BROOKLYN BRIDGE
Cross the Brooklyn Bridge for fantastic views of Manhattan, especially when the buildings are lit up.
An iconic New York landmark and a must-see. Locals will even advise you to cross the bridge twice for the best photos, once during the day from Manhattan to Brooklyn, then a second time at night in the other direction to enjoy the incredible view of lower Manhattan. It's a real eye-opener when the buildings are illuminated...

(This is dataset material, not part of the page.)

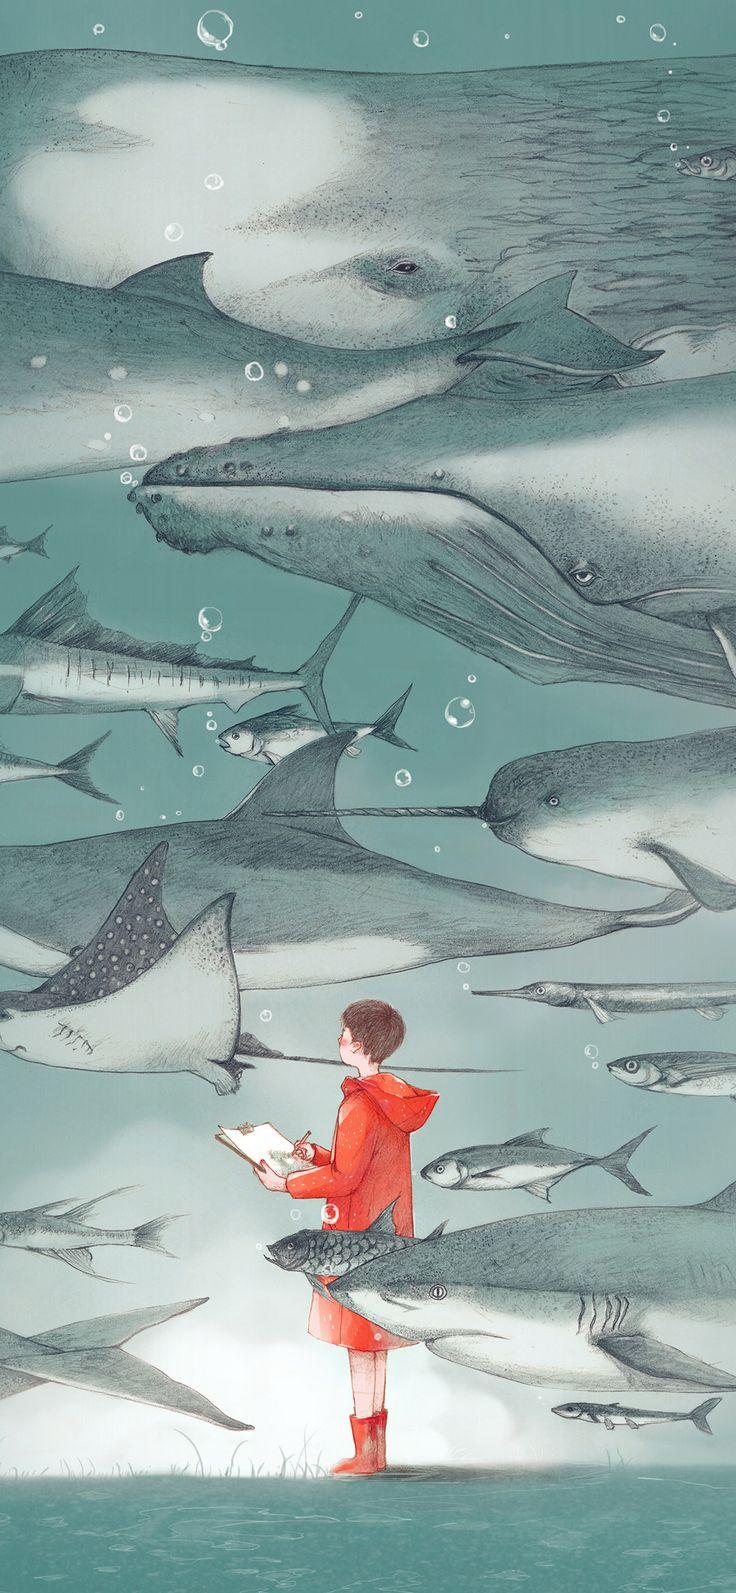 Iphone X Wallpaper Ba54 Water Fish Pastel Animal Illustration Art

Inaugurated in 1883 after 16 years of painstaking effort and 1,825 m long (it was, for a time, the longest suspension bridge in the world), didn't it represent the American dream, the heroic gateway to New York? Magical is this long bridge, stretched like a cathedral of ropes, an initiatory passage linking two islands. The 20-30 minute crossing at 83 m above the East River, with a breathtaking view of the Manhattan skyline, is a unique experience! If you leave Brooklyn in the evening - from Borough Hall (lines 2, 3, 4 and 5) and Clark Street (lines 2 and 3) stations - start with a stroll along the waterfront in Brooklyn Heights before crossing the bridge. The view is beautiful and the old buildings will almost make you forget you're in New York. 600 workers were employed on the site, which cost $15 million (equivalent to $3.5 billion today). A dozen workers died during construction, as did architect John A. Roebling. On June 28, 1869, while working on the wharf under the Brooklyn Bridge, a boat tied up and crushed one of his toes. The American engineer died of tetanus less than a month later, only a few months after the work had begun. His son, Washington A. Roebling took over, and it was Roebling's wife, Emily, who completed the work, even though she had no engineering training. Like many of the workers on the site, Washington had been paralyzed by a decompression accident. The decompression phenomenon, misunderstood at the time, originated in the foundations of the bridge's pillars. These foundations are 35 meters below ocean level, and required the use of hyperbaric chambers. Workers were thus exposed for hours on end to a pressure higher than atmospheric pressure, and climbed back up to water level without any precautions or decompression stops, causing nitrogen and helium bubbles to form in their blood. As this scientific phenomenon was still unexplained at the time, it is impossible to put a figure on the number of workers who died from this "caisson disease". Another surprising anecdote: in 2006, New York City announced that an air-raid shelter had been discovered by workers on one of the bridge's pillars, without revealing its exact location. It was to be used in case the Cuban missile crisis got out of hand. Inside the shelter were newspapers dating from the late 1950s and early 1960s, hundreds of bottles of water, cookies and blankets, as well as a sign at the entrance reading For use, after enemy attack.
Since September 2021, bicycles have had their own lane to cross the bridge safely (previously, accidents involving pedestrians encroaching on the bike path were frequent).